1. **Adobe Acrobat Reader:**
   - **High Severity:** Adobe Acrobat Reader has shown significant fluctuations in high severity vulnerabilities. Notably, there was a 466.7% increase in Q1 2022, followed by a further 111.8% increase in Q2 2022. Although there was a drop of 52.8% in Q3 2022, the numbers remained high, with a peak of 36 high severity vulnerabilities in Q2 2022. The trend continued with fluctuations, showing a 550% increase in Q1 2023, and a 128.6% rise in Q2 2024. However, there was a notable decrease of 45.5% in Q4 2024.
   - **Medium Severity:** There was a substantial 300% increase in medium severity vulnerabilities in Q2 2022, followed by a drop of 54.2% in Q3 2022. The numbers fluctuated but remained relatively high, with a significant 1800% increase in Q3 2023.
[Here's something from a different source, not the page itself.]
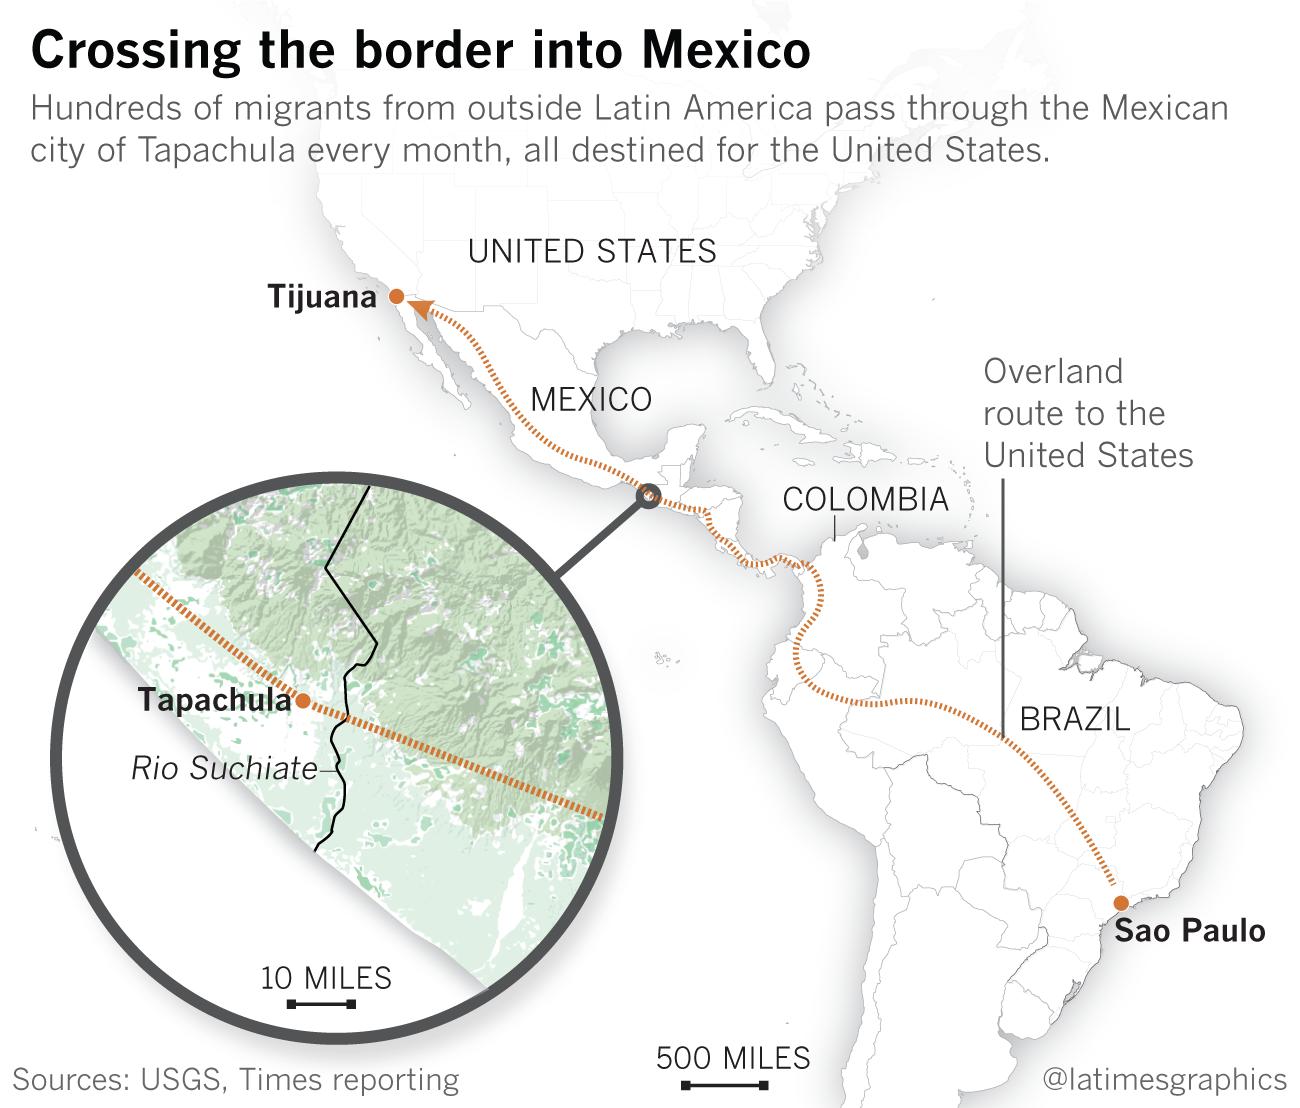 Central American migrant caravans - Wikipedia

2. **Oracle Database Server 19c:**
   - **Critical and High Severity:** The Oracle Database Server 19c experienced a critical vulnerability in Q1 2019, which was resolved by Q2 2019. High severity vulnerabilities have been sporadic, with a notable spike in Q1 2020 (3 vulnerabilities) and a subsequent drop in Q2 2020 by 66.7%.
   - **Medium Severity:** There was a significant increase in medium severity vulnerabilities in Q4 2019, with a 600% rise, followed by a decrease of 57.1% in Q1 2020. The trend continued with fluctuations, showing a 100% increase in Q2 2021.

3. **Microsoft Exchange Server 2019:**
   - **Critical Severity:** Microsoft Exchange Server 2019 saw critical vulnerabilities in Q1 2019 and Q1 2021, with a recurrence in Q3 2023.
   - **Medium Severity:** There was a 100% increase in medium severity vulnerabilities in Q2 2019, followed by a 50% decrease in Q3 2019. The numbers remained low in subsequent periods.

4. **Oracle Database 19c (Enterprise):**
   - **Medium Severity:** There was a notable 200% increase in medium severity vulnerabilities in Q3 2019 and a 350% increase in Q3 2022. However, there was a significant drop of 100% in Q4 2022.

#### Significant Spikes and Drops

- **Adobe Acrobat Reader:** The asset experienced multiple spikes in high severity vulnerabilities, particularly in Q1 2022 (466.7%) and Q1 2023 (550%). Medium severity vulnerabilities also saw a significant increase in Q3 2023 (1800%).
- **Oracle Database Server 19c:** A notable spike in medium severity vulnerabilities occurred in Q4 2019 (600%), followed by a drop in Q1 2020 (-57.1%).
- **Microsoft Exchange Server 2019:** Critical vulnerabilities reappeared in Q3 2023, indicating a potential resurgence of risk.

#### Assets and Severities Requiring Immediate Attention

1. **Adobe Acrobat Reader:** Given the frequent and significant spikes in both high and medium severity vulnerabilities, this asset requires immediate attention to mitigate potential risks.

2. **Oracle Database Server 19c:** The fluctuations in medium severity vulnerabilities, along with sporadic high severity issues, suggest a need for ongoing monitoring and patching.

3. **Microsoft Exchange Server 2019:** The recurrence of critical vulnerabilities in recent quarters highlights the need for focused security measures and monitoring.

Overall, the data suggests that Adobe Acrobat Reader and Oracle Database Server 19c are the assets with the most volatile vulnerability trends, necessitating proactive risk management strategies.